BisectingKMeansModel

class pyspark.mllib.clustering.BisectingKMeansModel(java_model)[source]

A clustering model derived from the bisecting k-means method.

>>> data = array([0.0,0.0, 1.0,1.0, 9.0,8.0, 8.0,9.0]).reshape(4, 2)
>>> bskm = BisectingKMeans()
>>> model = bskm.train(sc.parallelize(data, 2), k=4)
>>> p = array([0.0, 0.0])
>>> model.predict(p)
0
>>> model.k
4
>>> model.computeCost(p)
0.0

New in version 2.0.0.

Methods

Attributes

Methods Documentation

call(name, *a)

Call method of java_model

computeCost(x)[source]

Return the Bisecting K-means cost (sum of squared distances of points to their nearest center) for this model on the given data.
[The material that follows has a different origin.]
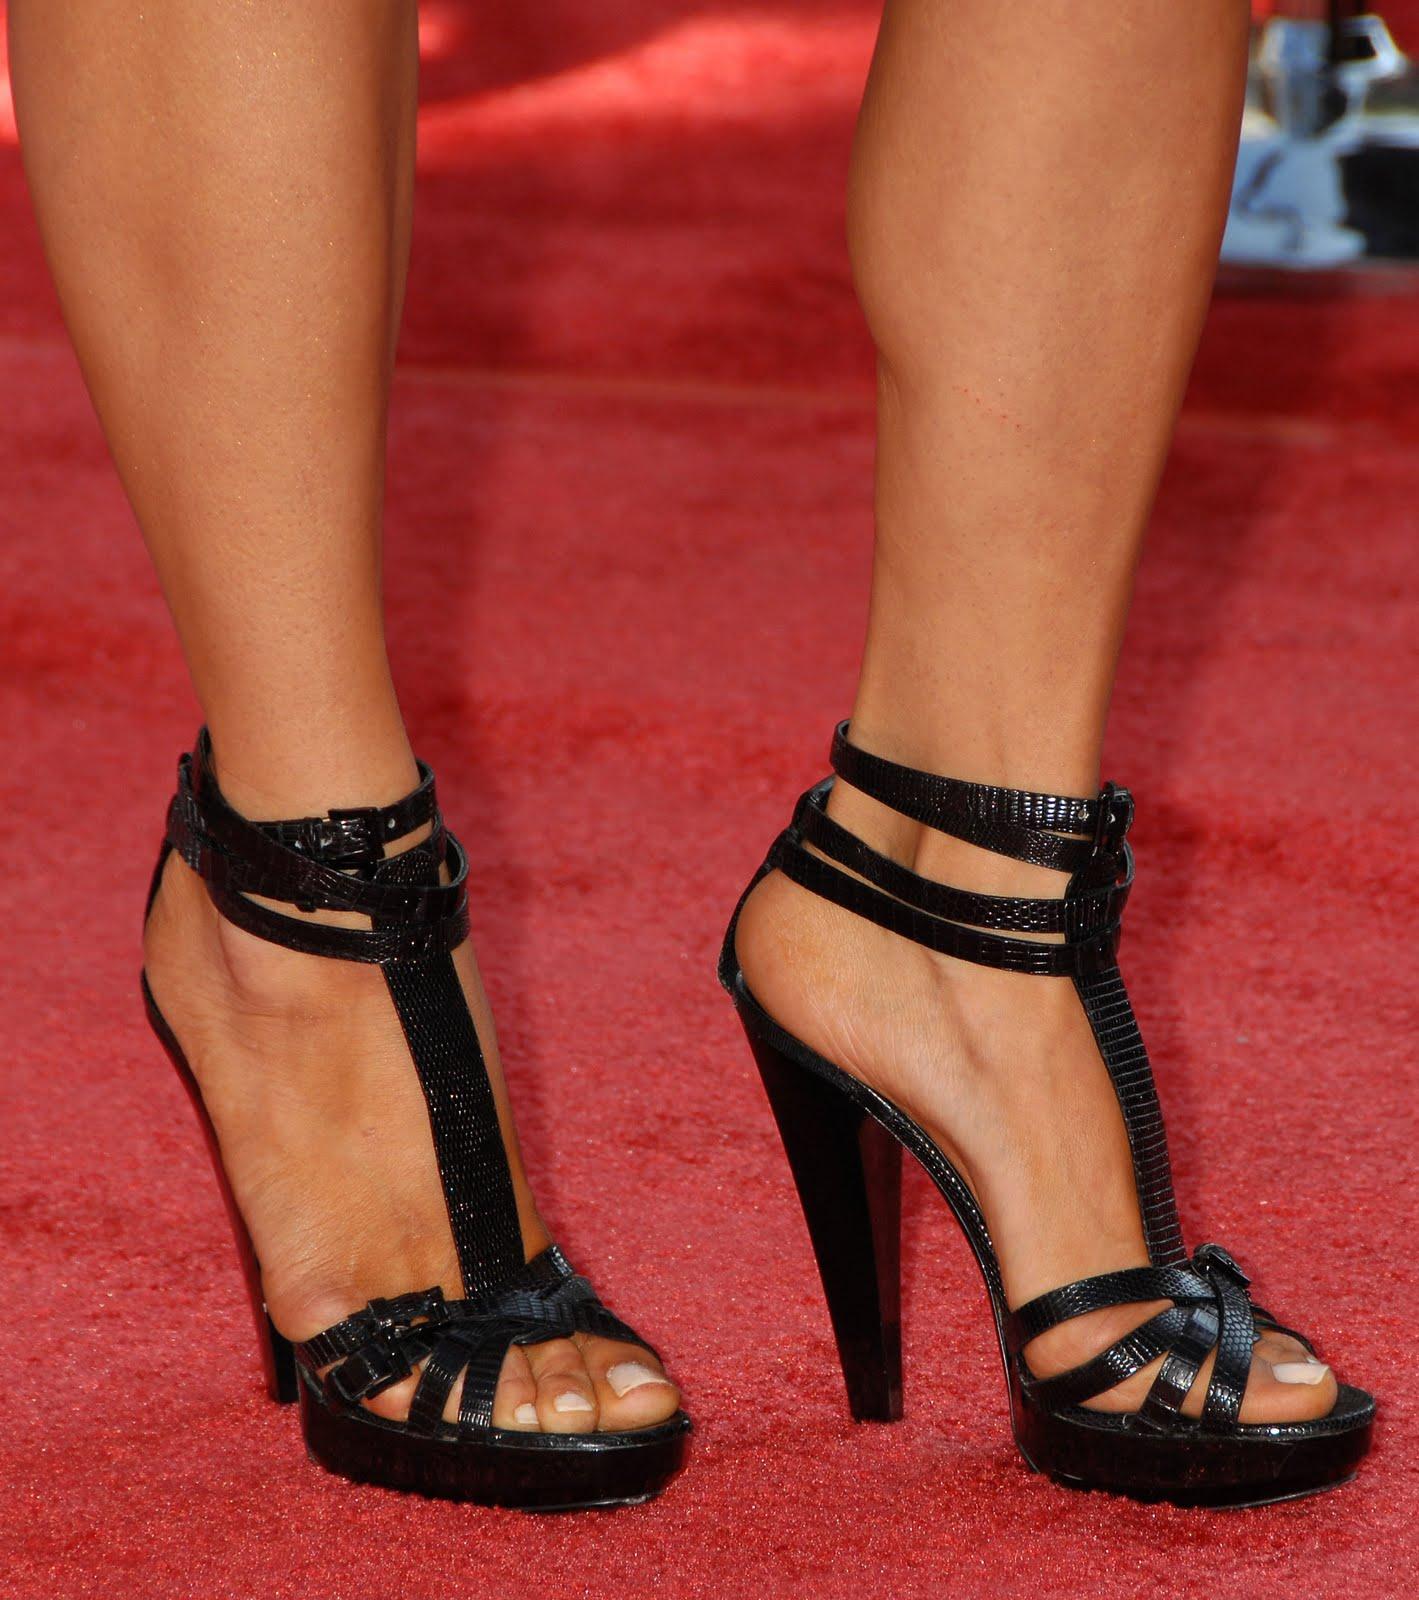 http://2.bp.blogspot.com/_UaLWp72nij4/TAAig1FolII/AAAAAAAANC8/X8IoGMQhvwk/s1600/maria-bello-feet-5.jpg

If provided with an RDD of points returns the sum.

Parameters

point – A data point (or RDD of points) to compute the cost(s).

New in version 2.0.0.

predict(x)[source]

Find the cluster that each of the points belongs to in this model.

Parameters

x – A data point (or RDD of points) to determine cluster index.

Returns

Predicted cluster index or an RDD of predicted cluster indices if the input is an RDD.

New in version 2.0.0.

Attributes Documentation

clusterCenters

Get the cluster centers, represented as a list of NumPy arrays.

New in version 2.0.0.

k

Get the number of clusters

New in version 2.0.0.